Gold earrings, pendant, and ring from Durbi Takusheyi, Katsina State, Nigeria (photo from NCMM Nigeria)
According to the Bayajida legend, a price from the east married a princess from Bornu and the queen of Daura both of whom gave birth to the seven rulers of the seven Hausa cities, he also had a concubine who gave birth to the rulers of the "lesser" states. Interpretation of this allegory is split with some historians seeing it as a reflection of the embryonic Hausa polities2 while others consider the Bornu (empire) elements of the story as an indication of Bornuese influence on early Hausa state formation3 or even outright concoction by Bornu by legitimizing the latter’s imperial claim over the Hausalands,4 while the narrative of seven founding rulers has parallels in several African Muslim societies like the Swahili and Kanem.

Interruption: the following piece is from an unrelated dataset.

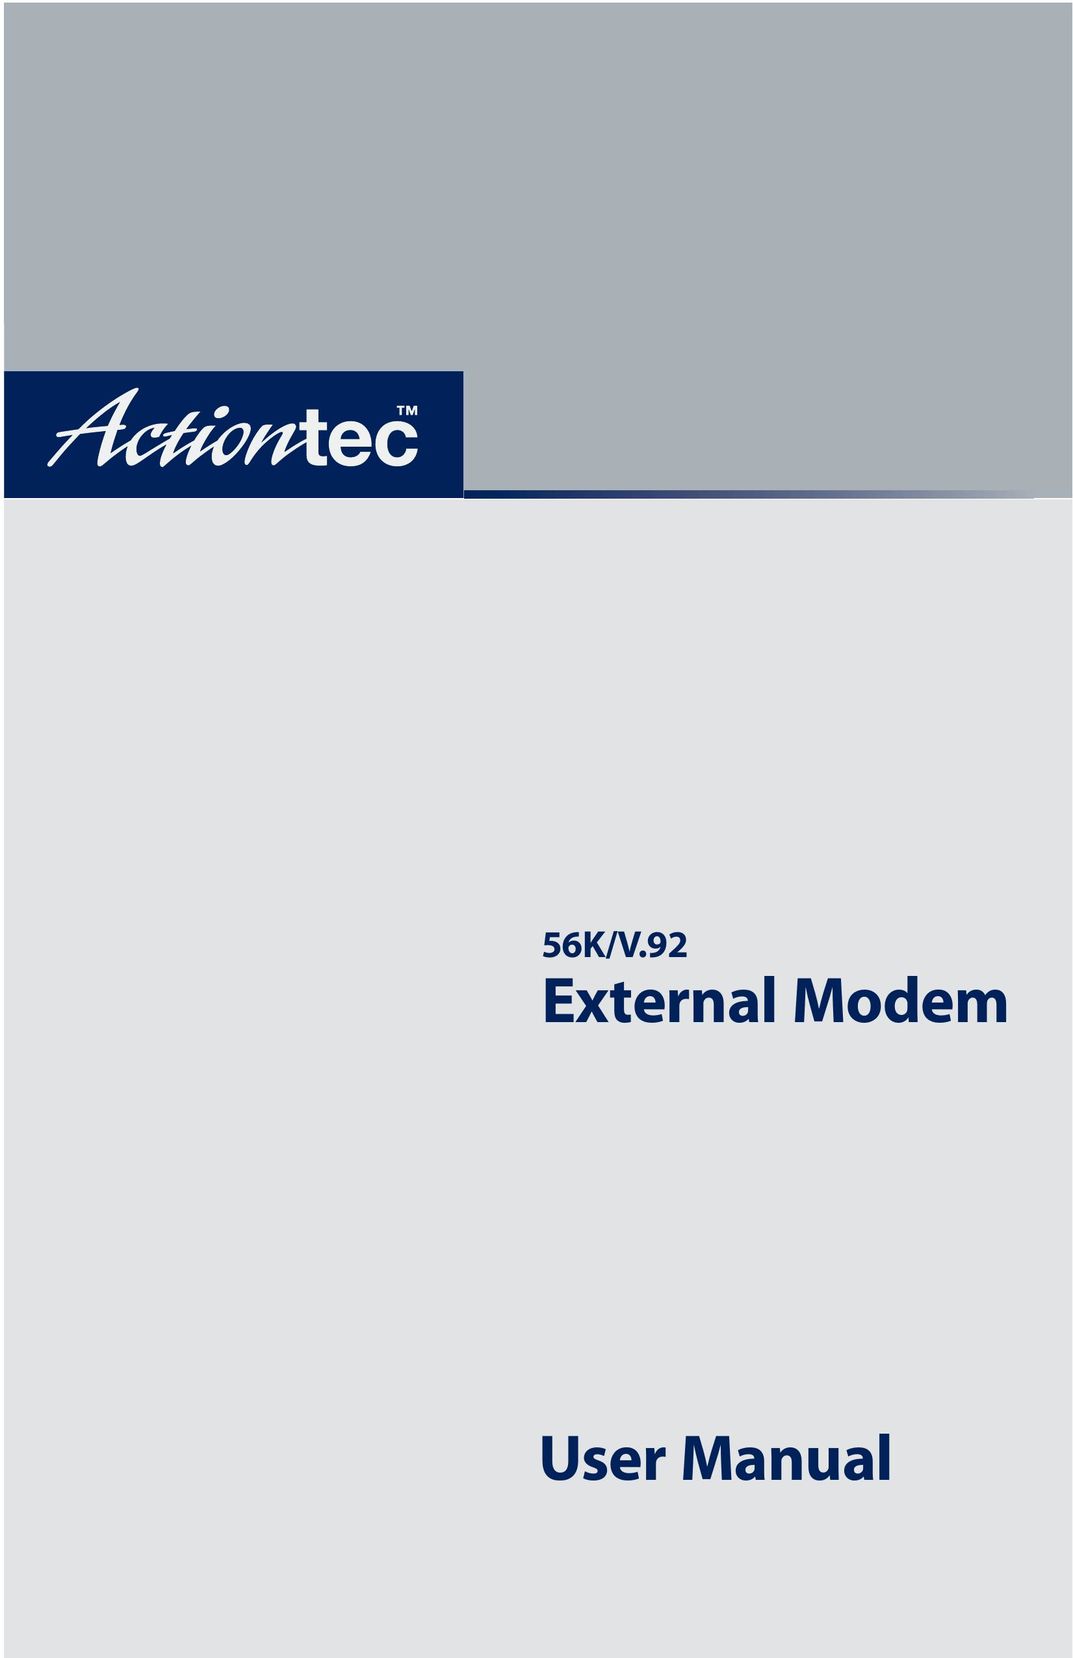 Actiontec electronic 56K/V.92 Modem User Manual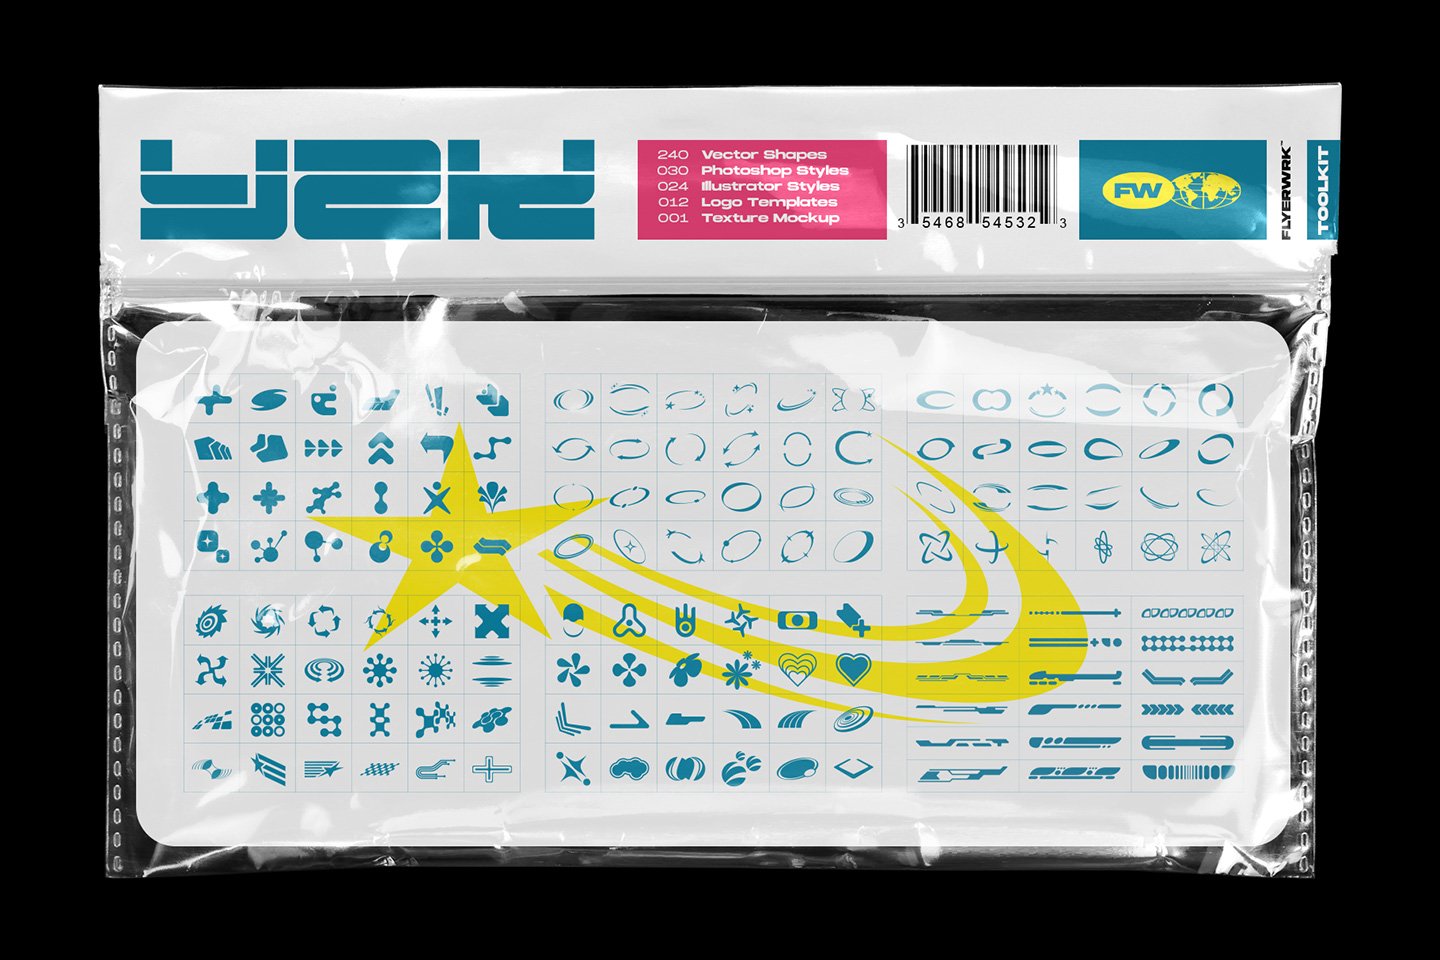 Flyerwrk 千禧年Y2K风格高质量抽象形状酸性封面艺术社交图形包 Flyerwrk–Y2K TOOLKIT 图标素材 第1张

Owing to their position between the storied empires of the “western Sudan” and “central Sudan” ie: the Mali and Songhai empires to its west and Kanem-Bornu empire to the east, the Hausa developed into a pluralistic society, assimilating various non-Hausa speaking groups into the Hausa culture; these included the Kanuri/Kanembu from the 11th century (dominant speakers in the kanem-bornu empire), the Wangara in the 14th century (Soninke/Malinke speakers traders from the Mali empire), the Fulani in the 15th century, and later, the Tuaregs, Arabs, Yoruba and other populations5. It was within this cosmopolitan society of the Hausalands that the Hausa adopted, innovated and invented unique forms of social-political organization especially the Birni -a fortified city which became the nucleus of the Hausa city-states.6
Birni Kano in the 1930s, Nigeria (photo by Walter Mittelholzer)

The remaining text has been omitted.